TGF-α is a growth factor for cell types from ectodermal origin, including most epithelial cells, and exerts its functions in an autocrine and paracrine fashion. TGF-α expression is often upregulated in carcinomas and TGF-α signaling through its receptor, the EGF/TGF-α receptors, is thought to drive carcinoma development. TGF-α is made as a transmembrane growth factor that can be proteolytically cleaved in a highly regulated manner and is then released. Little is as yet known about how the cell surface presentation of transmembrane TGF-α and its ectodomain cleavage are regulated.
Our TGF-α research focuses on the identification and functional characterization of proteins that form a complex in association with transmembrane TGF-α, and define the subcellular localization and presentation of transmembrane TGF-α. We study their functions in the presentation of transmembrane TGF-α, signaling and regulation of TGF-α ectodomain cleavage in normal and transformed epithelial cells. We also characterize signaling mechanisms that lead to ectodomain cleavage of transmembrane TGF-α, and consequent release of soluble TGF-α. Finally, we evaluate the consequences of these modes of regulation of TGF-α presentation on the cellular behavior and phenotype, and their role in the transition from normal epithelial cells to carcinomas.
TGF-β is a prototype for a large family of differentiation factors, the TGF-β family, that regulate development. TGF-β family signaling is of special relevance in cell differentiation. TGF-β induces epithelial-to-mesenchymal transition, which is an important process in normal development and fibrosis and initiates carcinoma invasion and metastasis. TGF-β family signaling also direct mesenchymal differentiation, e.g. in muscle, bone, cartilage and fat differentiation, and are important mediators in the maintenance of stem cell pluripotency and the engagement in and selection of differentiation pathways.

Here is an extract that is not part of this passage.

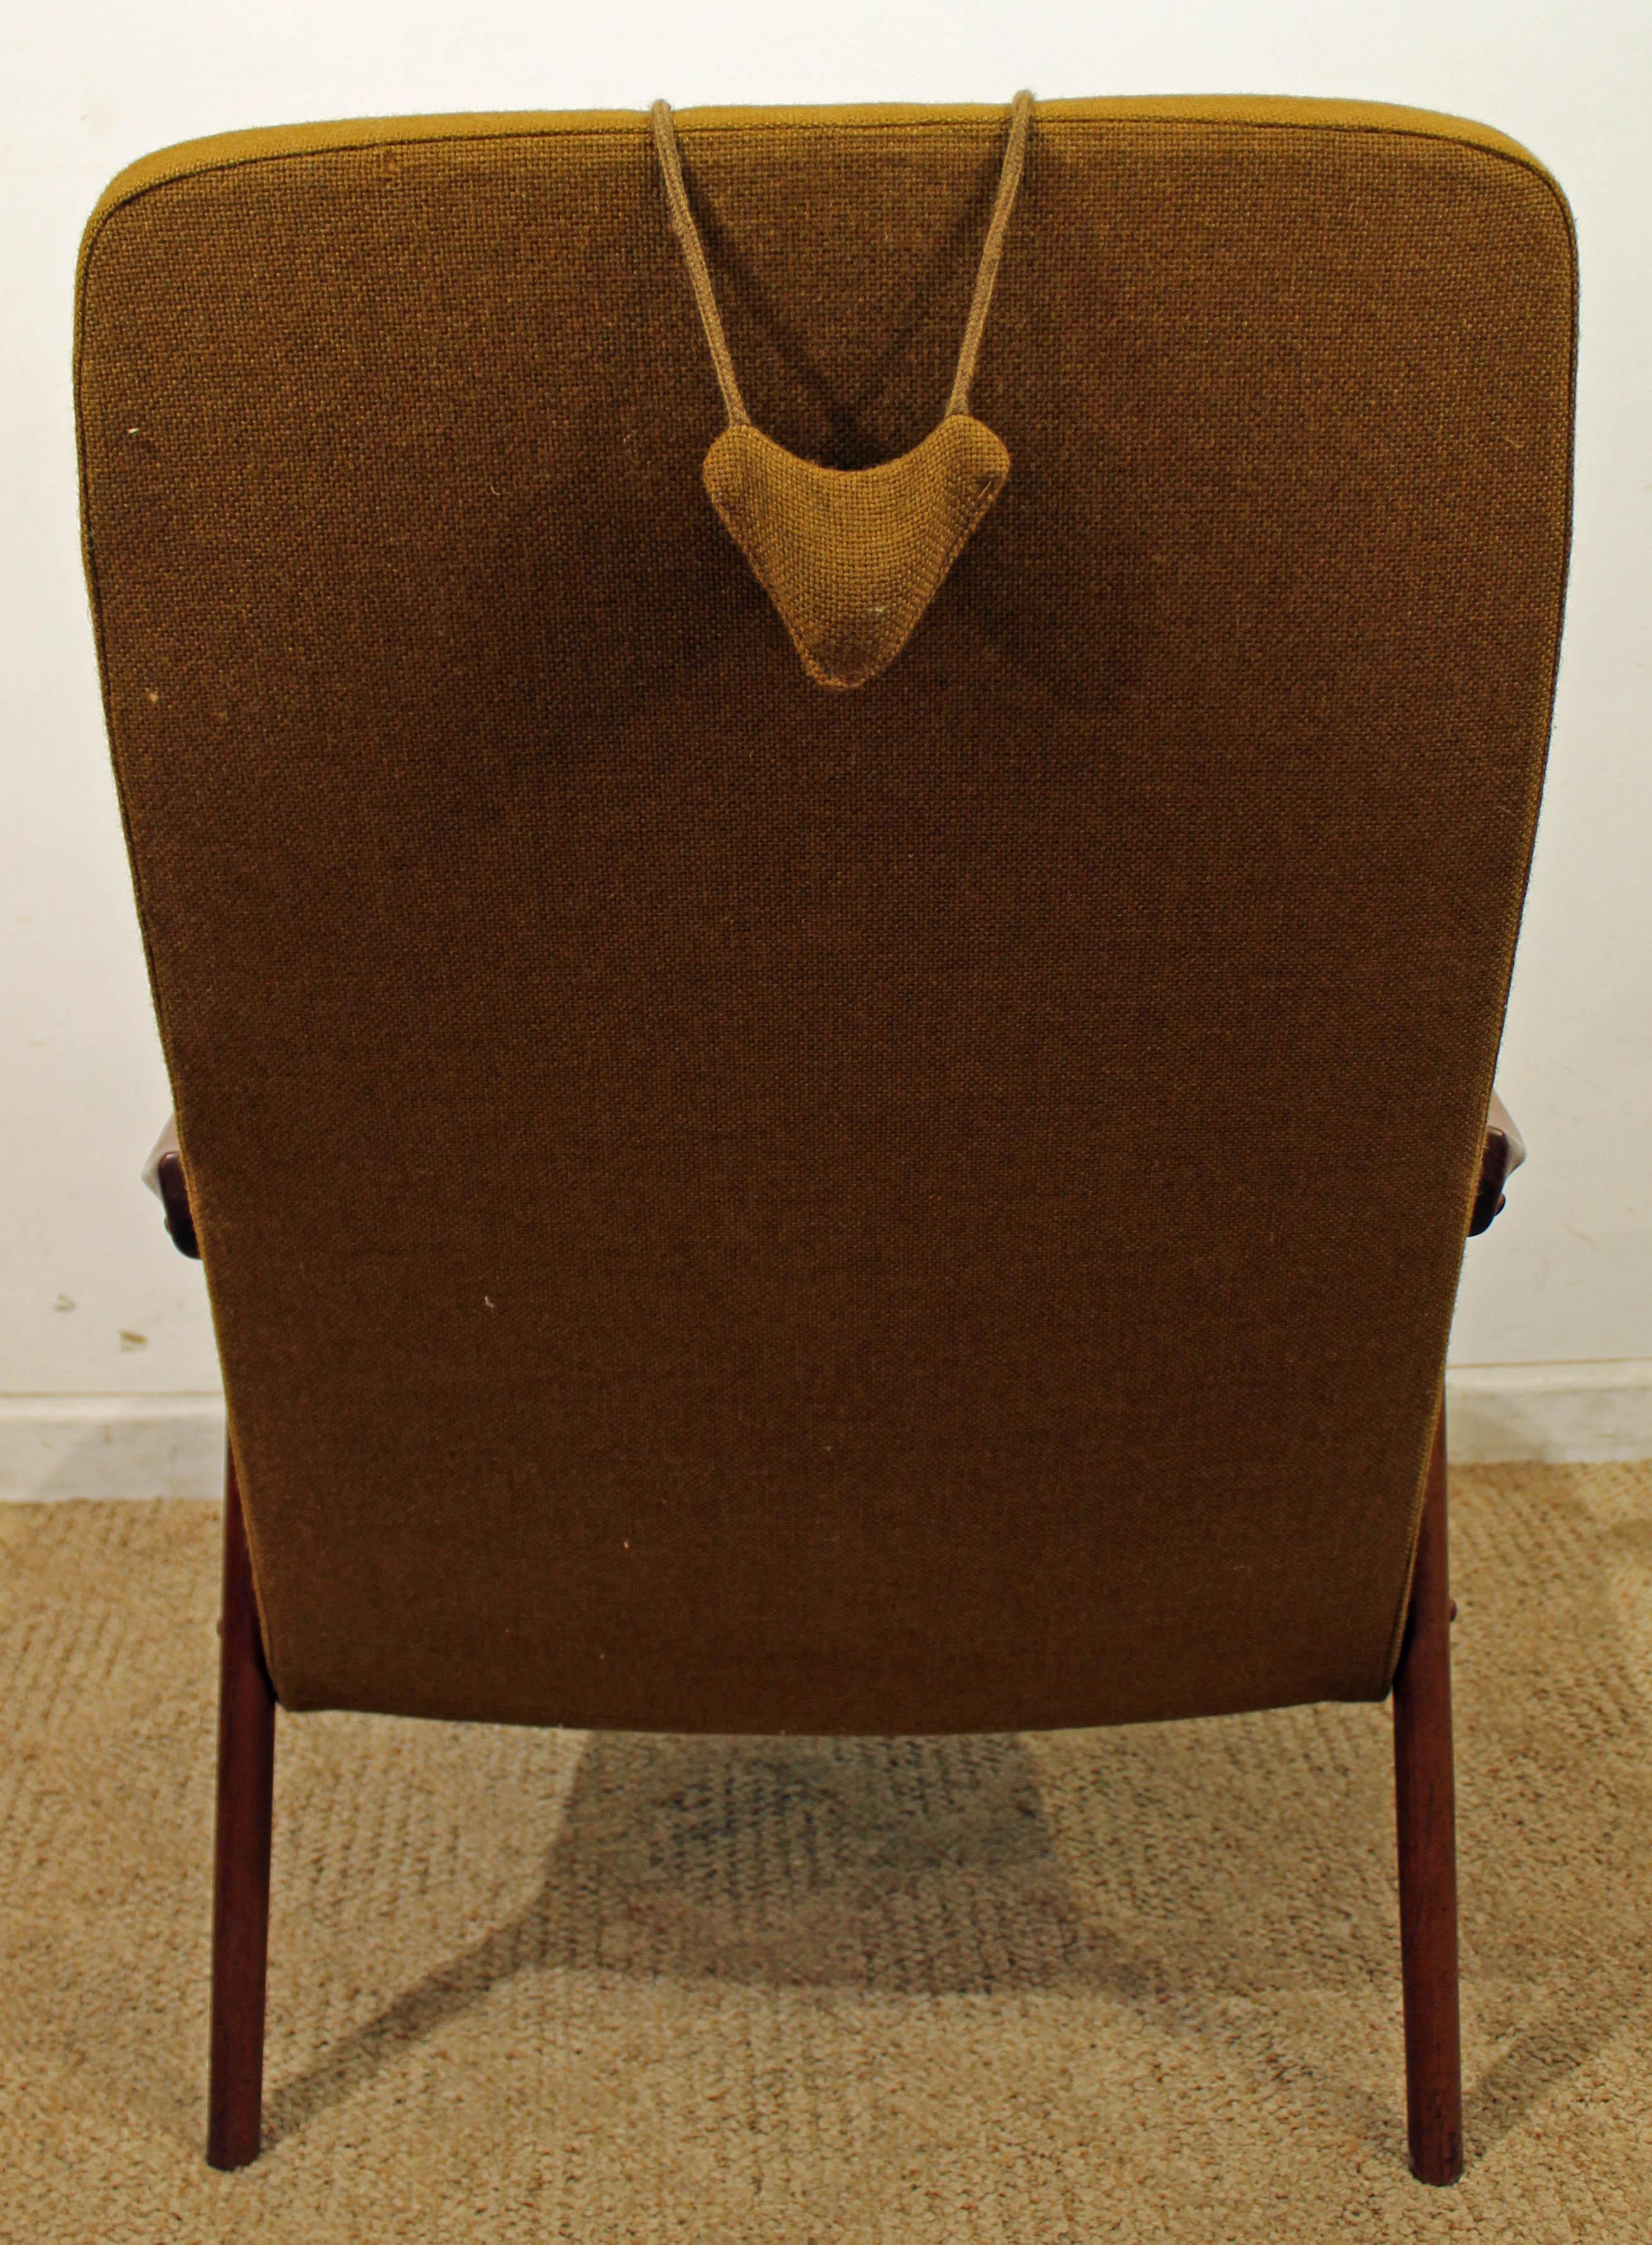 20th Century Midcentury Danish Modern Folke Ohlsson Style Teak Lounge Chair

In one set of projects, we study how the Smads, a class of intracellular signaling effectors, regulate transcription activation and repression, and can influence epigenetic mechanisms of transcriptional (re)programming, as required in alterations in differentiation. Other studies focus on the discovery of new signaling pathways that emanate from the activated receptor complexes. These non-Smad signaling mechanisms are particularly relevant in the context of TGF-β’s ability to induce epithelial-to-mesenchymal differentiation.

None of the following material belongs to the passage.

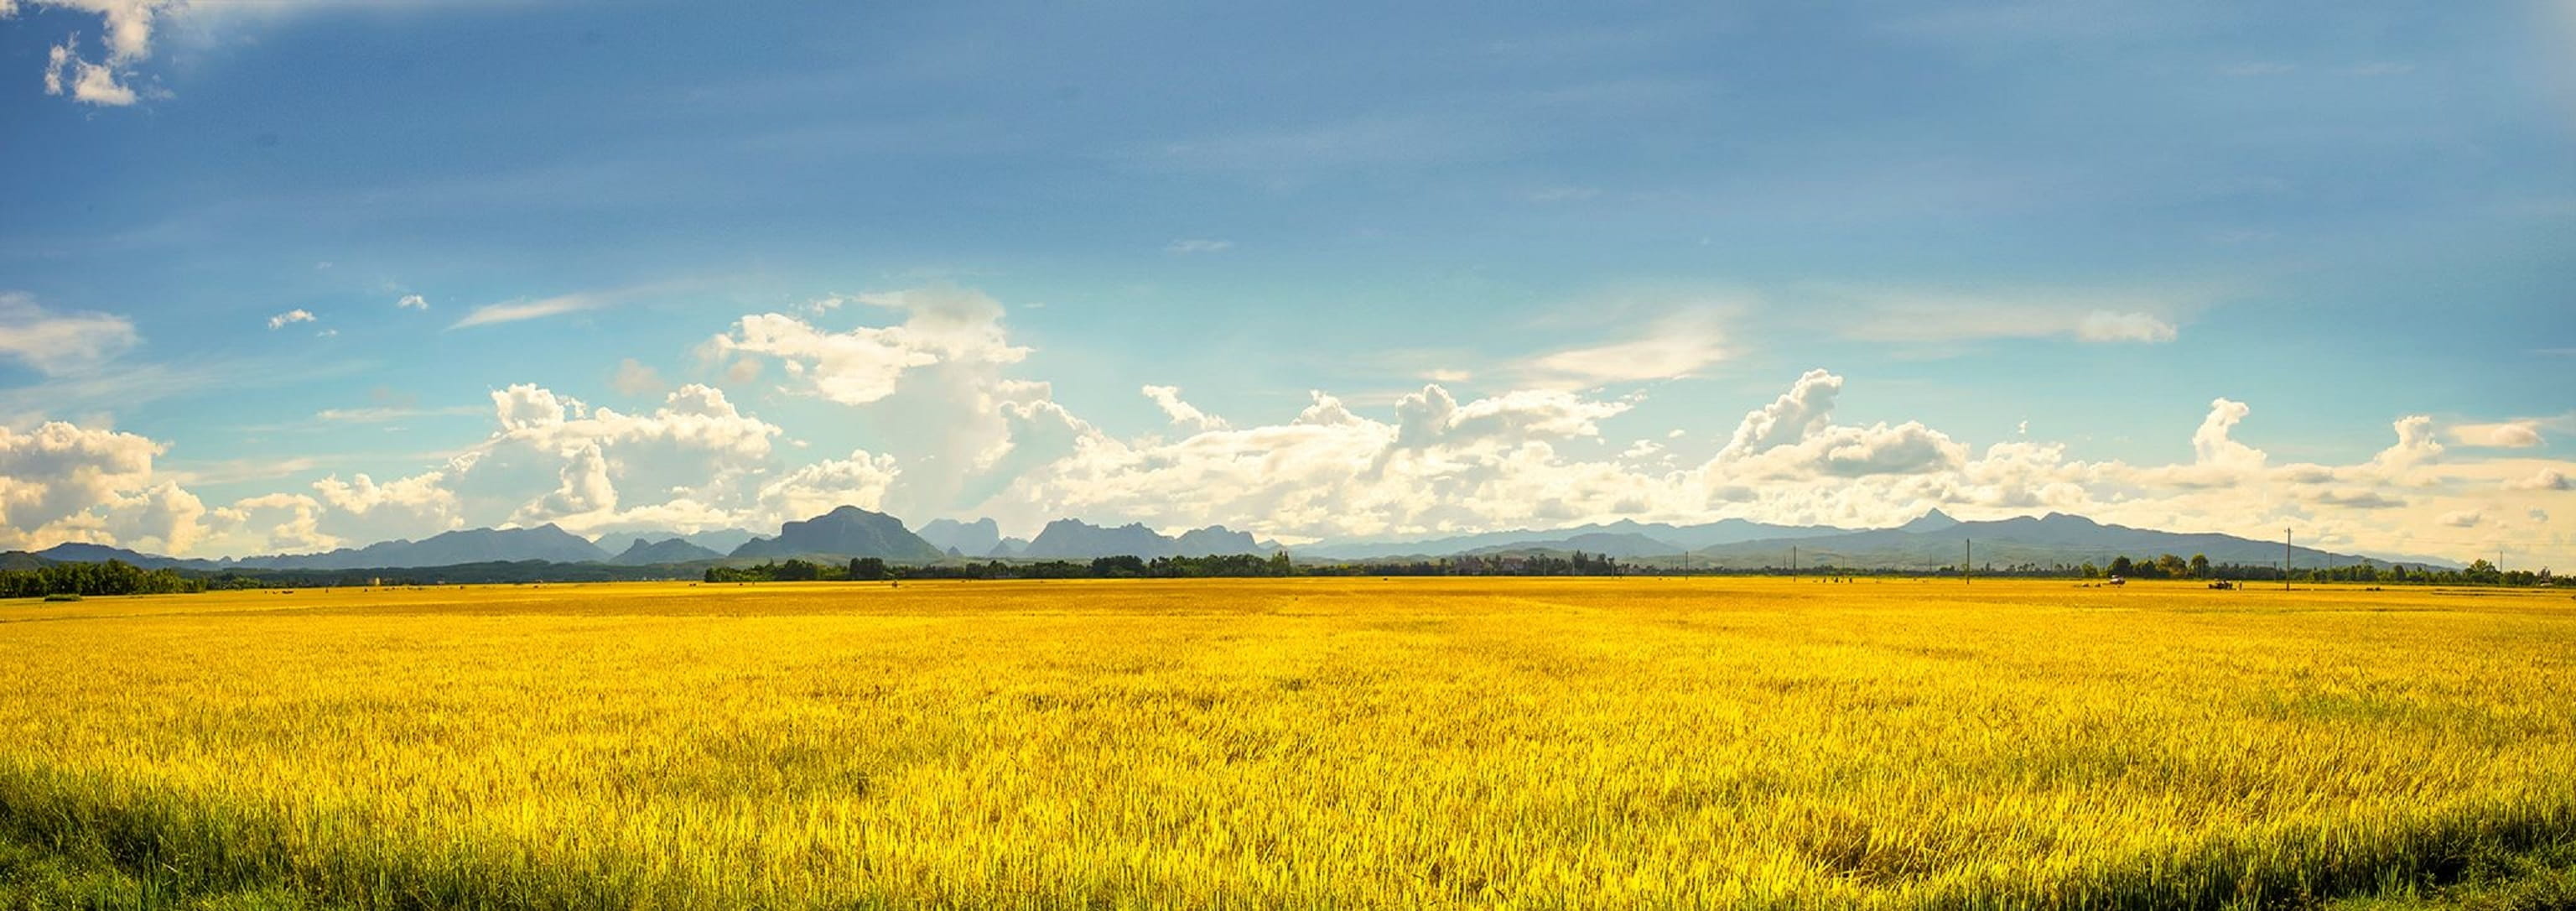 vietnam, agriculture, farm, rice field, gold rice field, farmland

Complementary projects study the roles of TGF-β/Smad signaling in mesenchymal differentiation, thereby focusing on muscle, fat and bone cell differentiation, and the underlying molecular mechanisms of this regulation. The characterization of the roles of TGF-β family signaling in cell differentiation, and of the signaling mechanisms, are the basis for our studies to explore the plasticity of the different mesenchymal differentiation pathways, both in cell culture and in engineered mouse models. These insights have recently allowed us to start exploring the role of TGF-β family signaling in the pluripotentiality and differentiation of embryonic stem cells.